§ **PROVIDED MATERIAL**
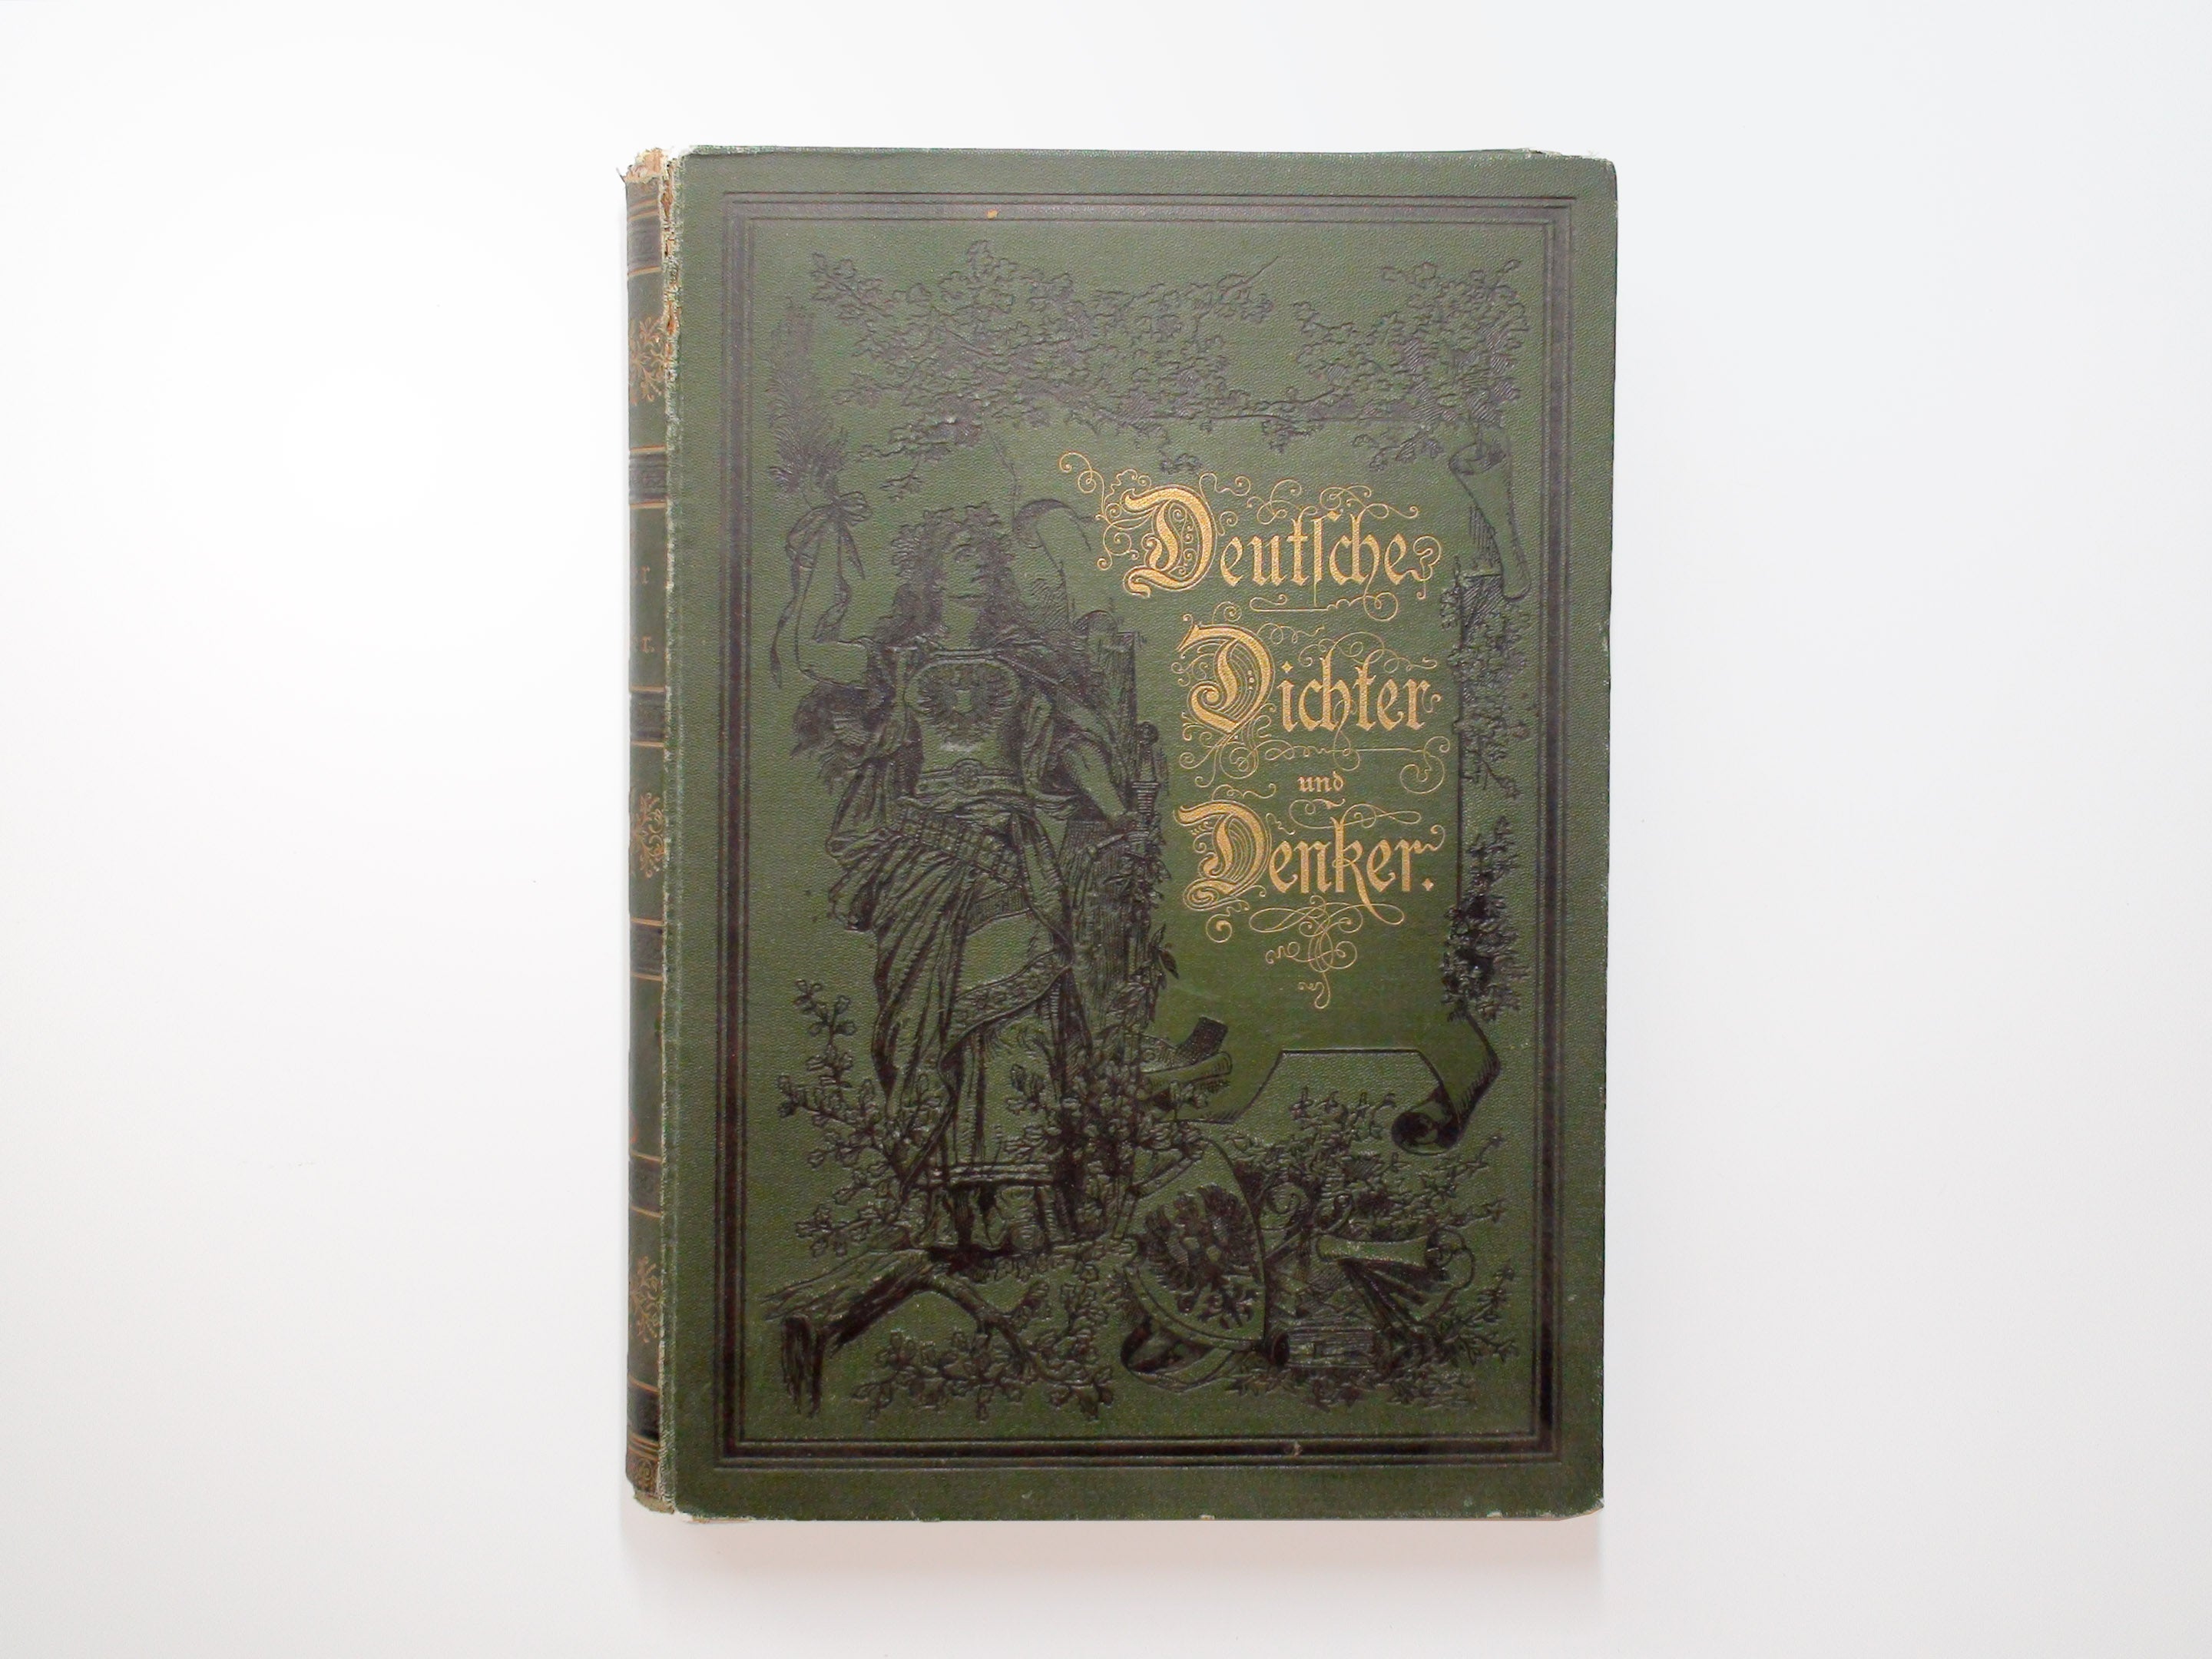 Gefchichte Der Deutschen Literatur, Friedrich Sehrwald, German, Vol I, 1884
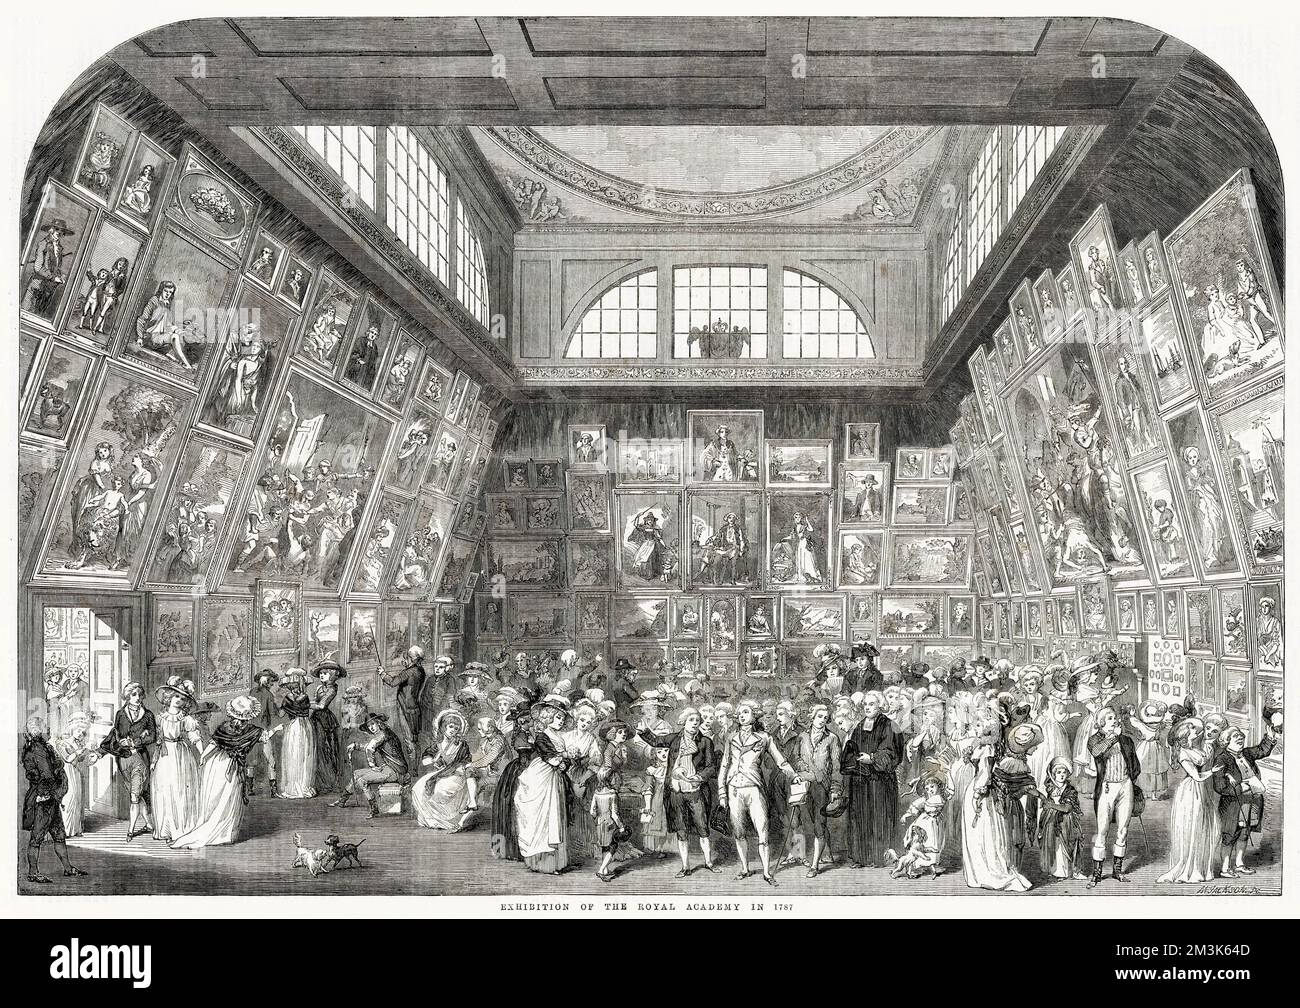 Eine der Hauptgalerien für die Royal Academy Exhibition von 1787 in London. Dieses Bild zeigt eine große Menschenmenge, die die Gemälde bewundert, die fast jeden Zentimeter der Wände bedecken. Stockfoto
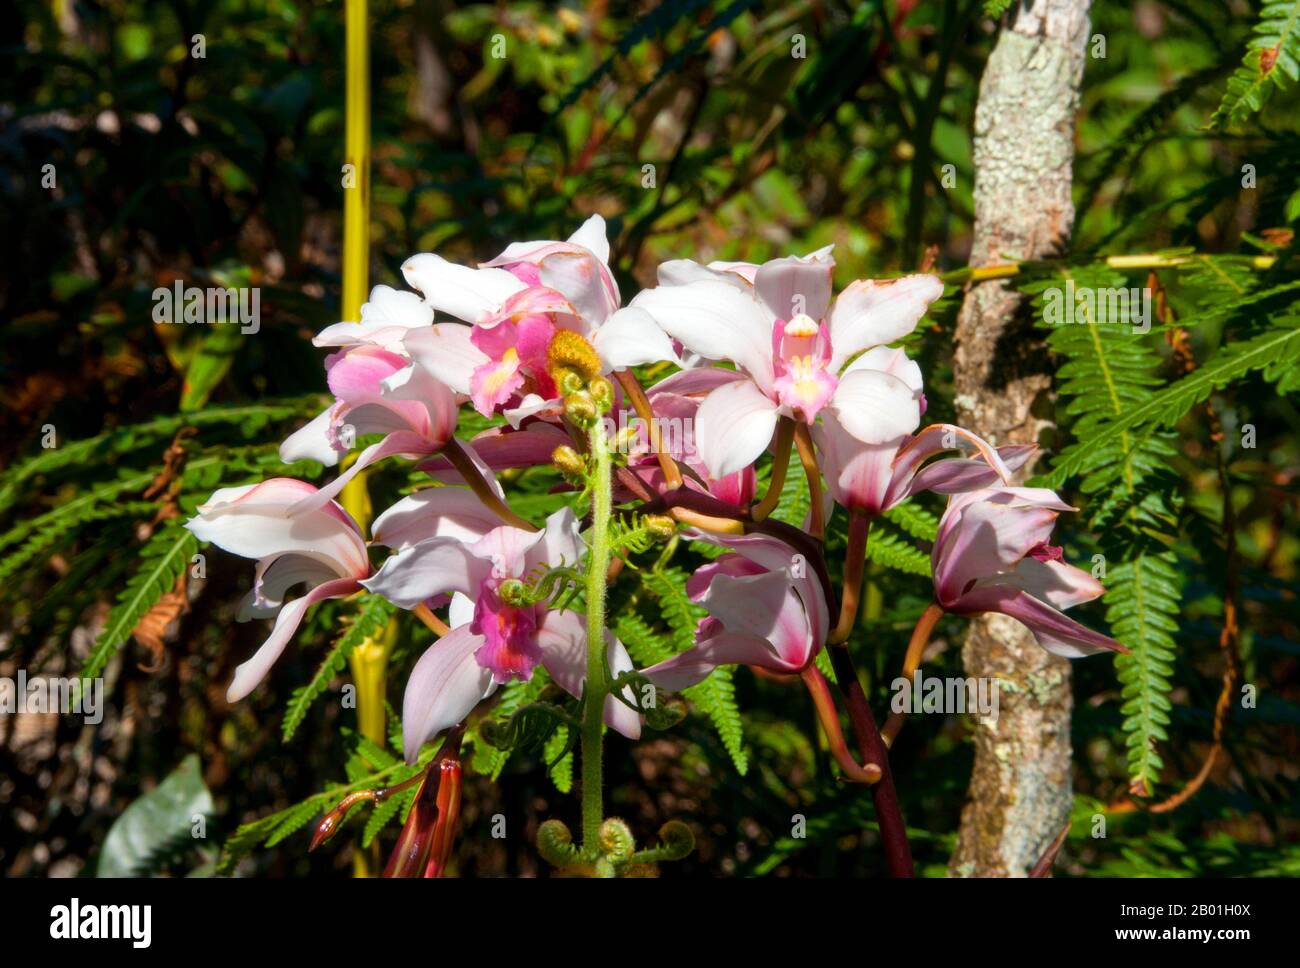 Thaïlande : orchidées sauvages à Phu Luang Wildlife Sanctuary, province de Loei. La province de Loei (thaï : เลย) est située dans le nord-est de la Thaïlande. Les provinces voisines sont (de l'est dans le sens des aiguilles d'une montre) Nong Khai, Udon Thani, Nongbua Lamphu, Khon Kaen, Phetchabun, Phitsanulok. Au nord, elle borde les provinces de Xaignabouli et Vientiane du Laos. La province est couverte de basses montagnes, tandis que la capitale Loei est située dans un bassin fertile. La rivière Loei, qui traverse la province, est un affluent du Mékong. Banque D'Images
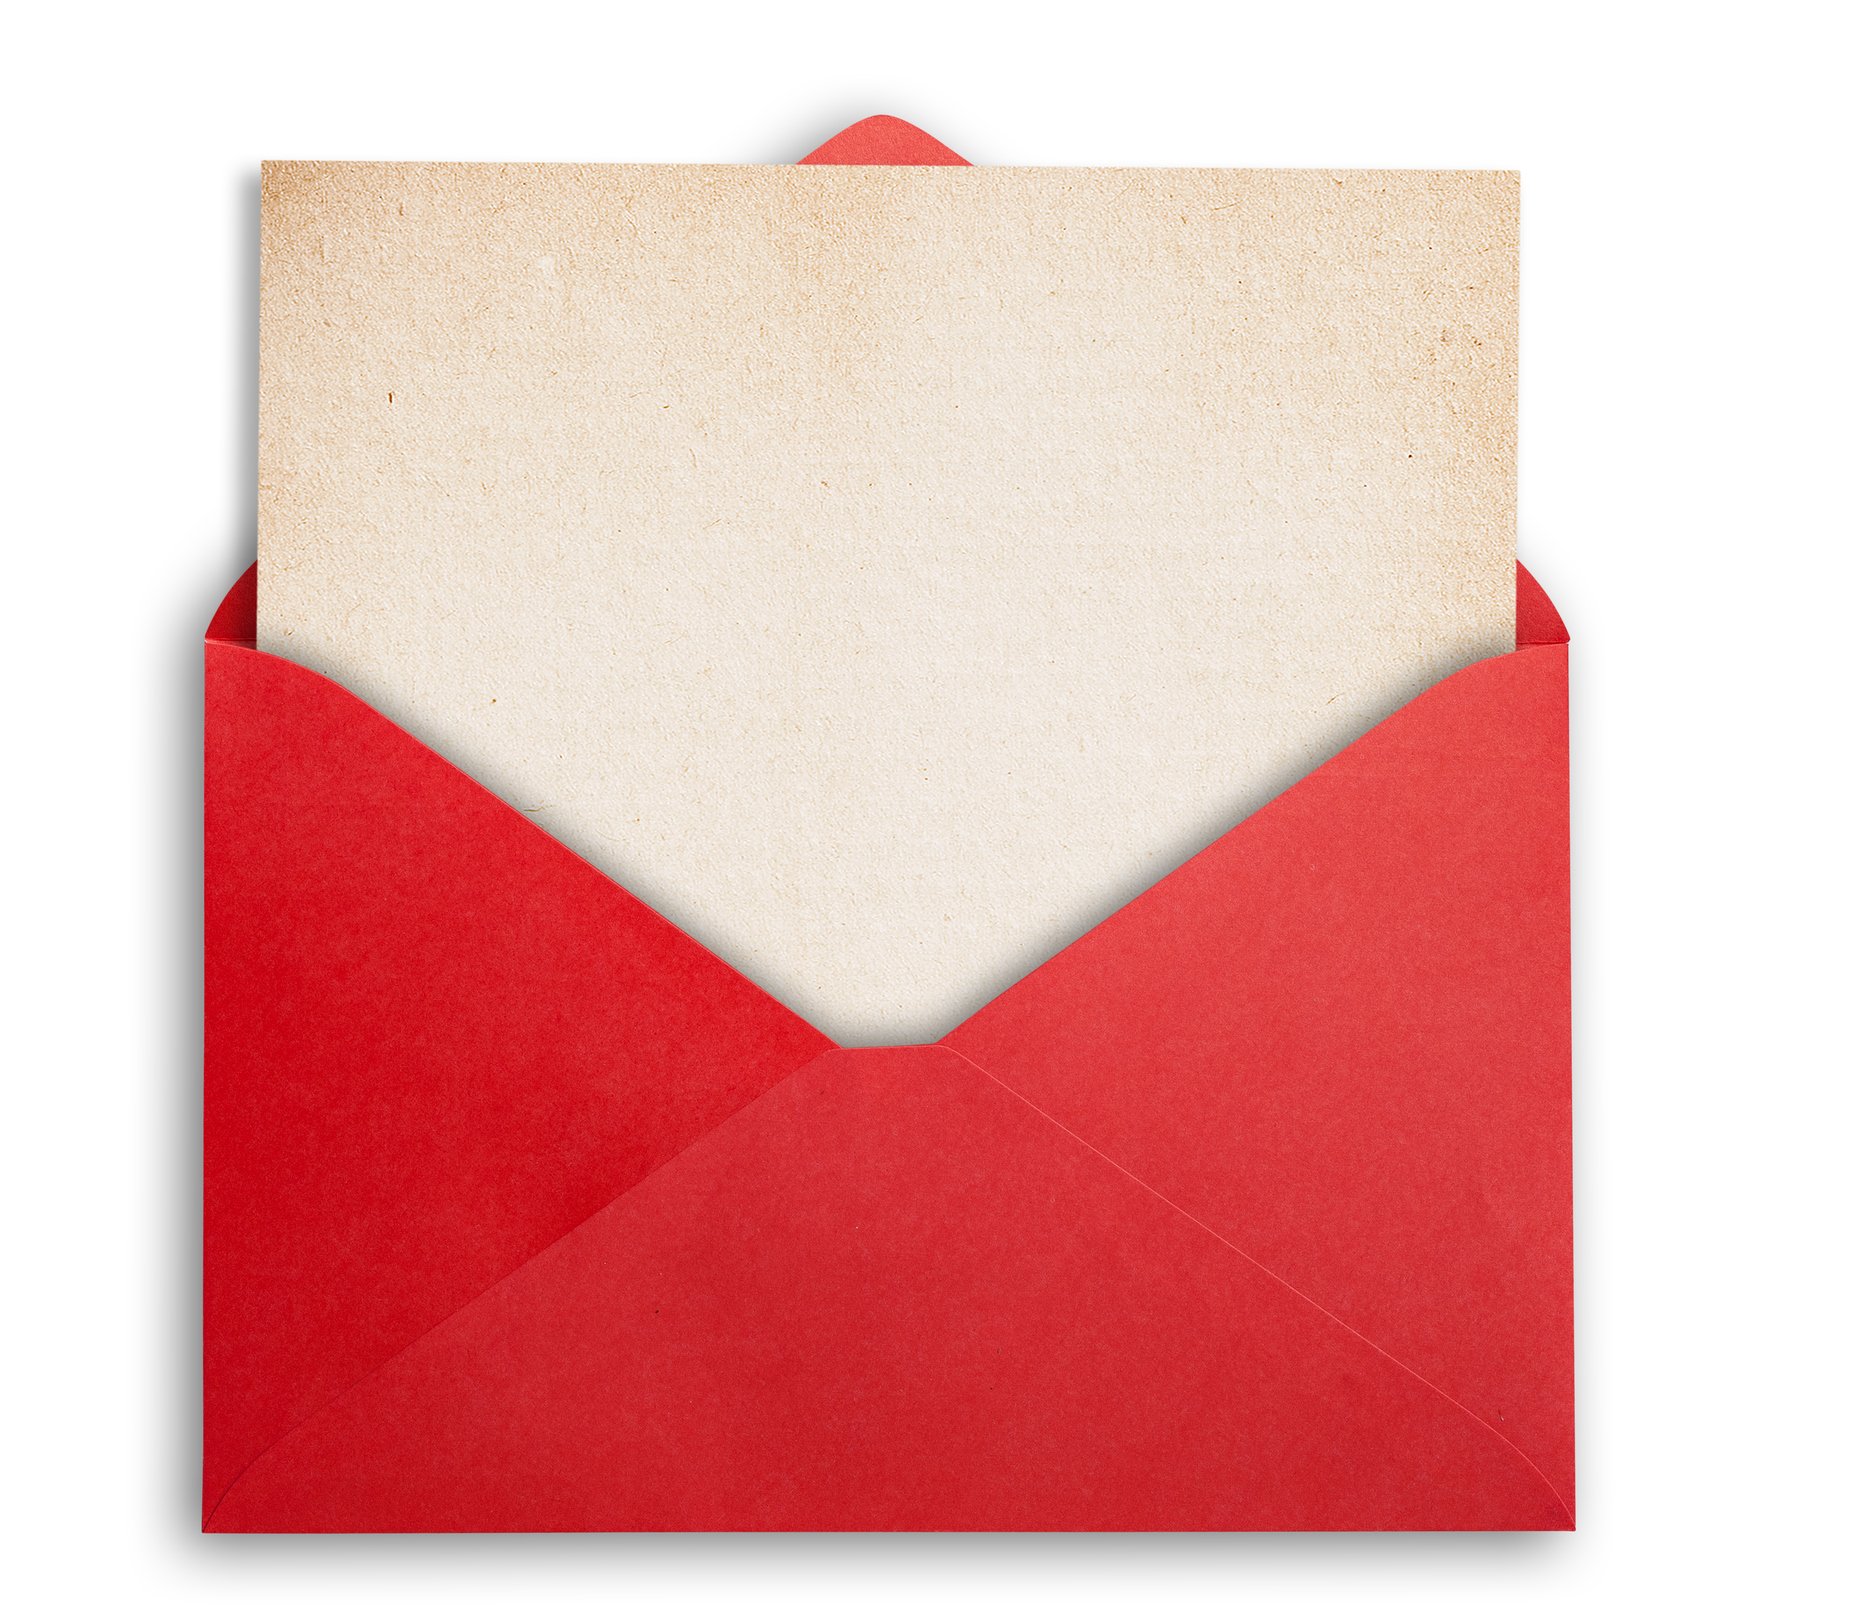 Надорванный конверт. Открытый конверт. Открывающийся конверт. Открытый красный конверт. Красный бумажный конверт.

§ **WORK TO BE COMPLETED**
Each line of the data above must be reproduced as written. Skip the pictures.

§ **SOLUTION FOR THIS PROBLEM**
 Gefchichte Der Deutschen Literatur, Friedrich Sehrwald, German, Vol I, 1884
 Eine der Hauptgalerien für die Royal Academy Exhibition von 1787 in London. Dieses Bild zeigt eine große Menschenmenge, die die Gemälde bewundert, die fast jeden Zentimeter der Wände bedecken. Stockfoto
 Thaïlande : orchidées sauvages à Phu Luang Wildlife Sanctuary, province de Loei. La province de Loei (thaï : เลย) est située dans le nord-est de la Thaïlande. Les provinces voisines sont (de l'est dans le sens des aiguilles d'une montre) Nong Khai, Udon Thani, Nongbua Lamphu, Khon Kaen, Phetchabun, Phitsanulok. Au nord, elle borde les provinces de Xaignabouli et Vientiane du Laos. La province est couverte de basses montagnes, tandis que la capitale Loei est située dans un bassin fertile. La rivière Loei, qui traverse la province, est un affluent du Mékong. Banque D'Images
 Надорванный конверт. Открытый конверт. Открывающийся конверт. Открытый красный конверт. Красный бумажный конверт.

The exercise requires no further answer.